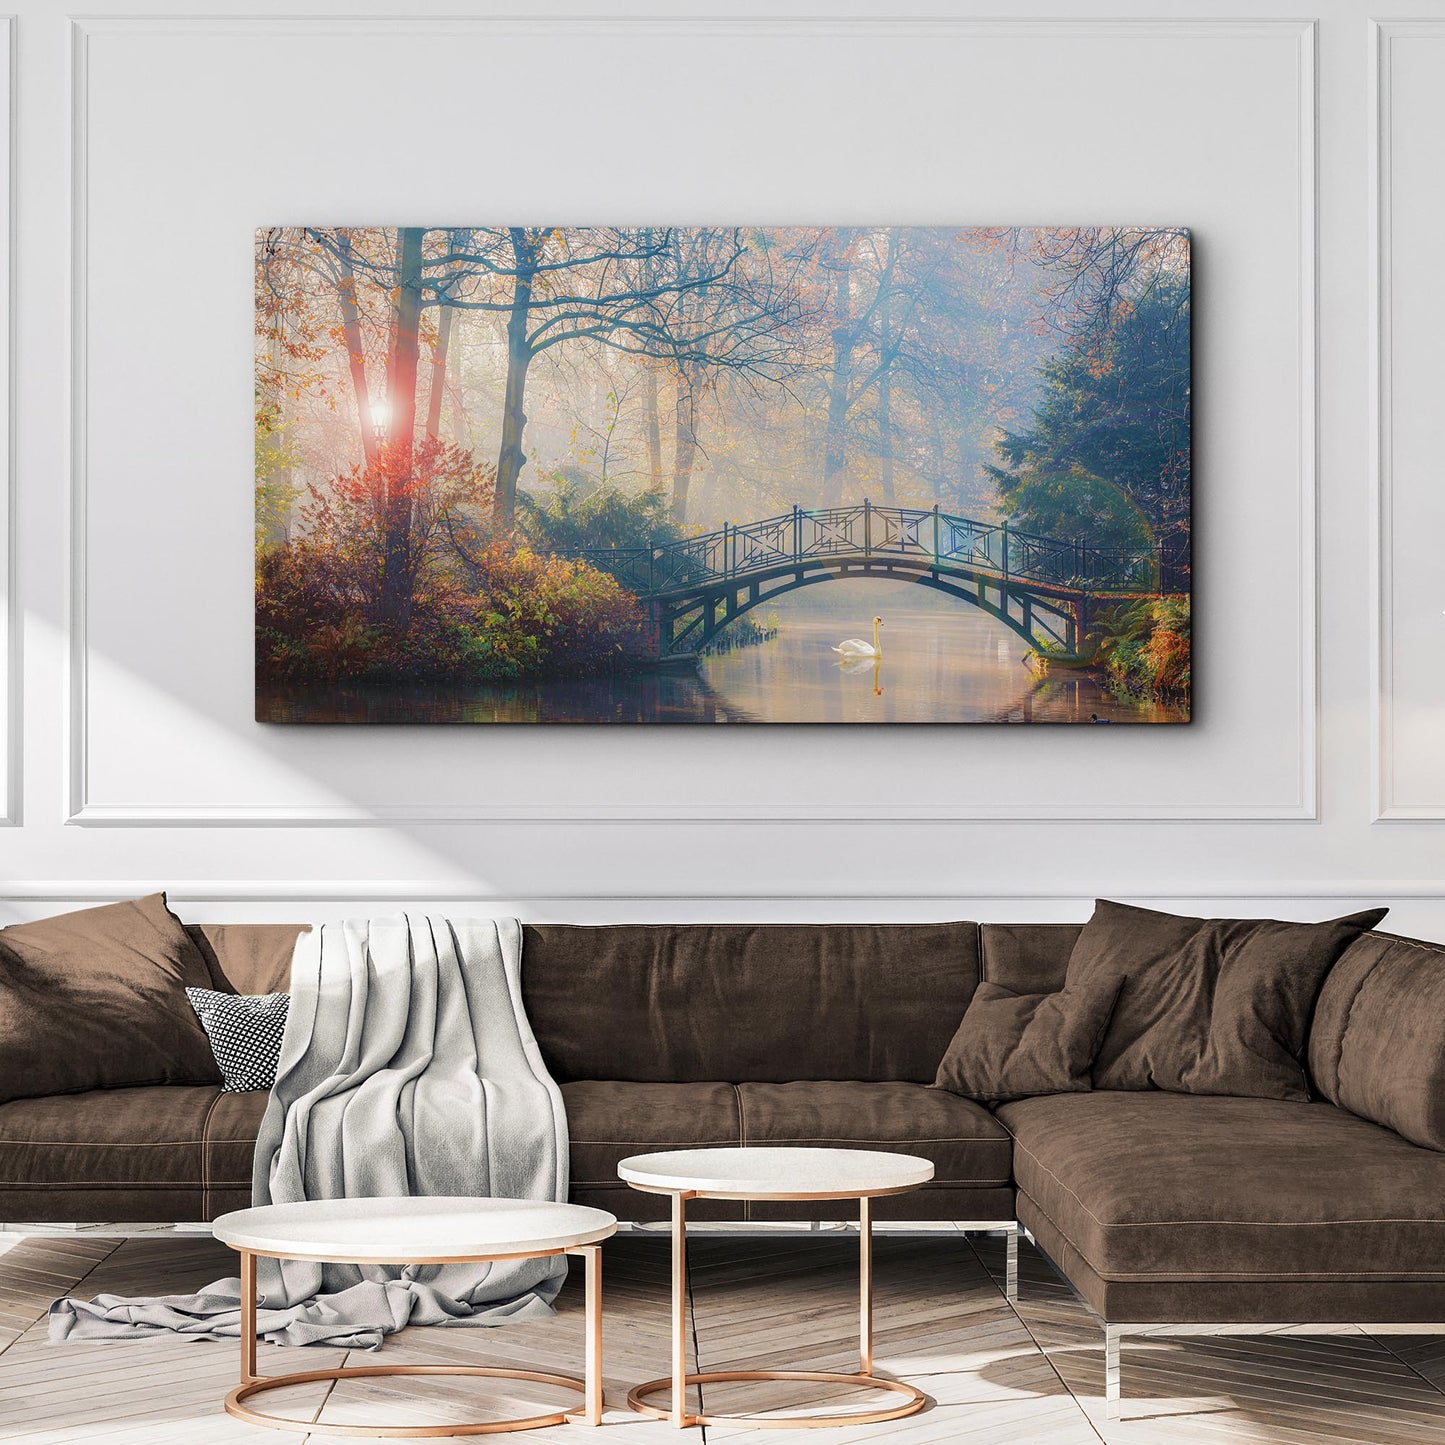 Misty Park Bridge Canvas Wall Art Style 2 - Image by Tailored Canvases
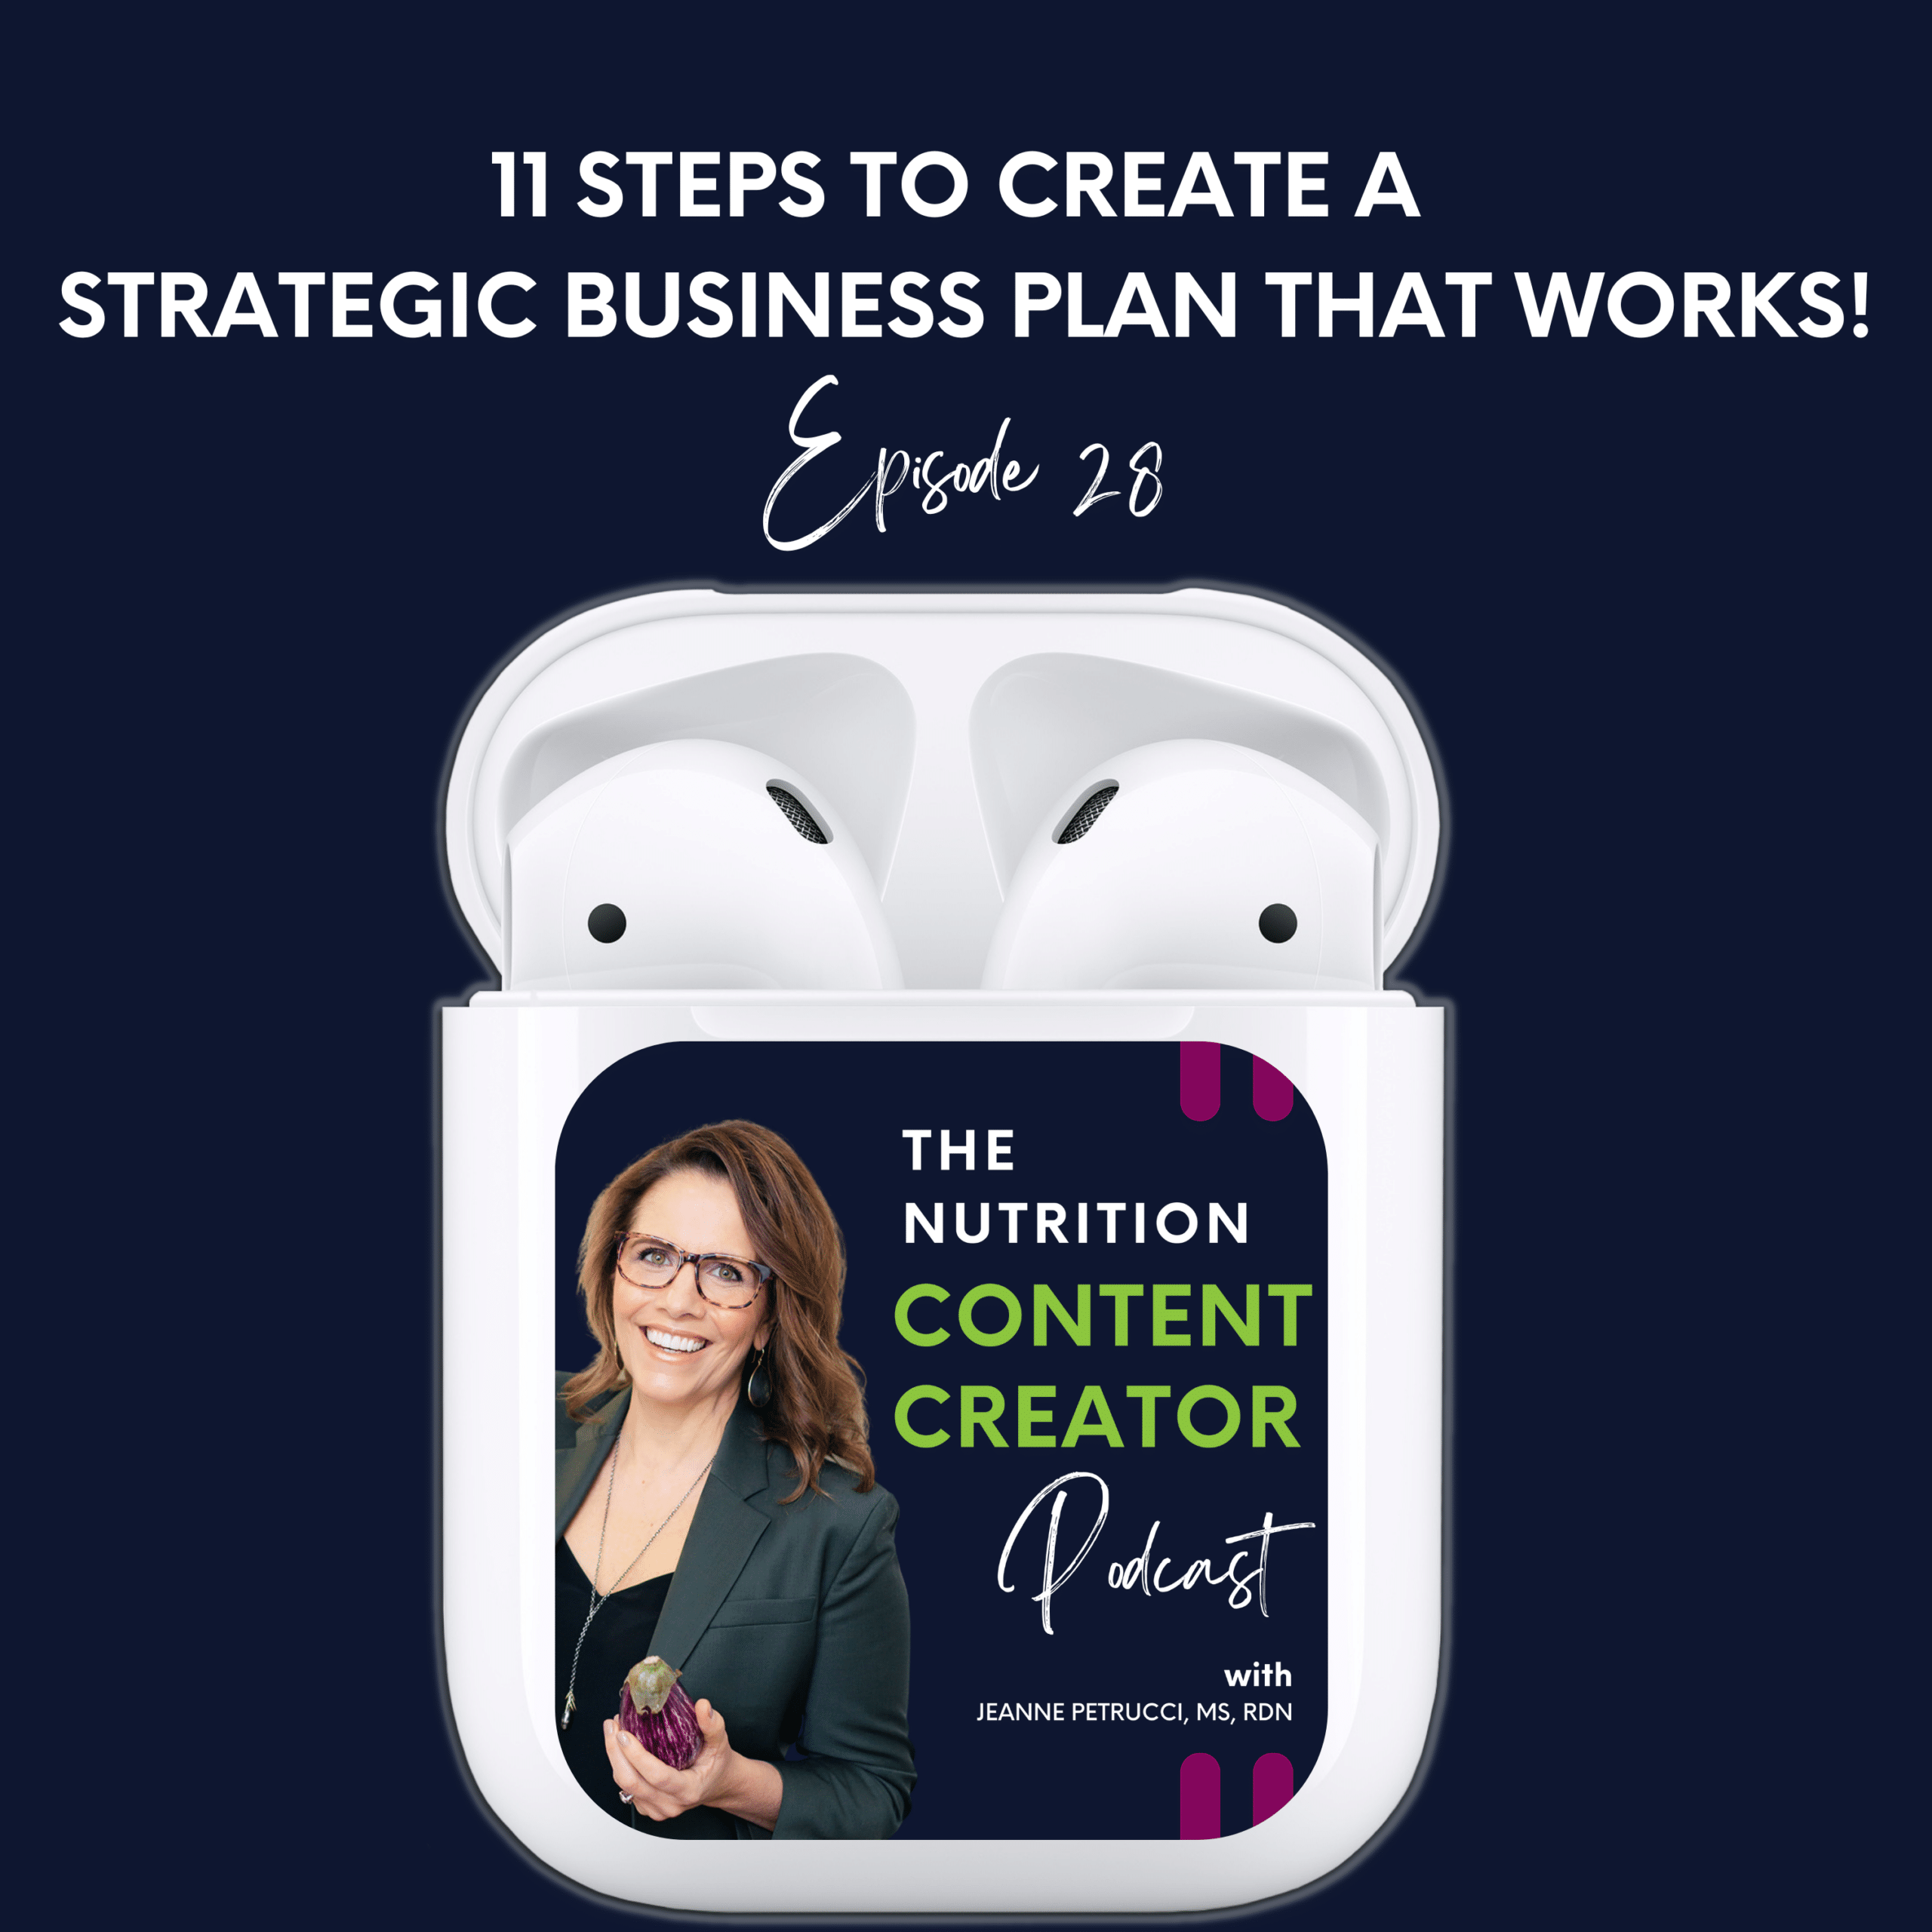 11 Steps to Create a Strategic Business Plan That Works!
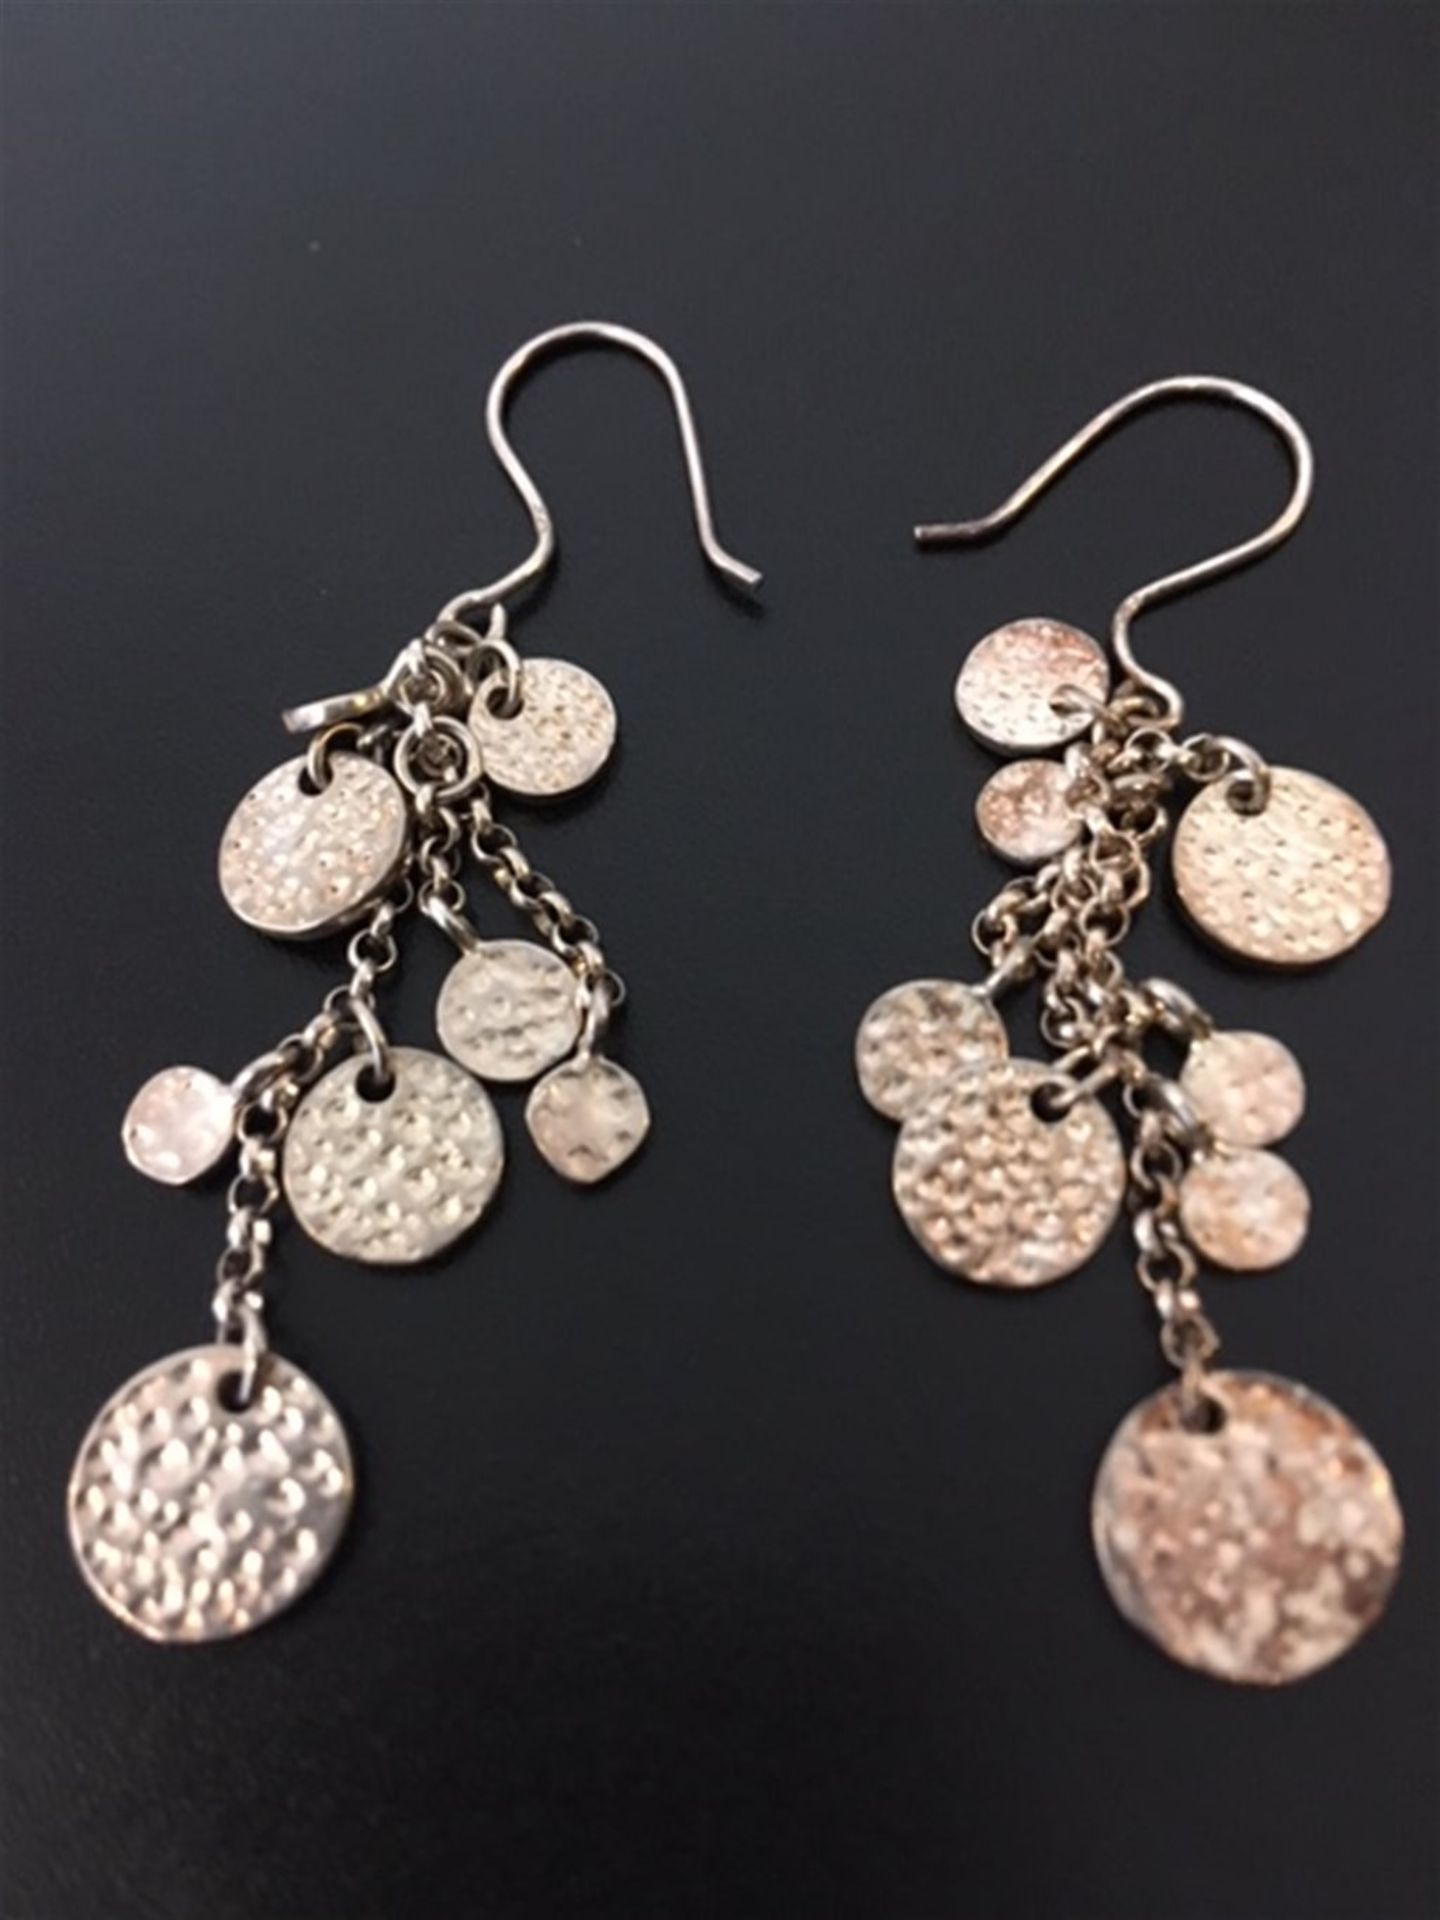 Silver pendant and matching earrings - Image 3 of 3

▶ **WORK REQUIRED**: Would you write out the data exactly, with no pictures in the copy?

▶ **EXERCISE OUTPUT**:
 Misty Park Bridge Canvas Wall Art Style 2 - Image by Tailored Canvases
 11 Steps to Create a Strategic Business Plan That Works!
 Silver pendant and matching earrings - Image 3 of 3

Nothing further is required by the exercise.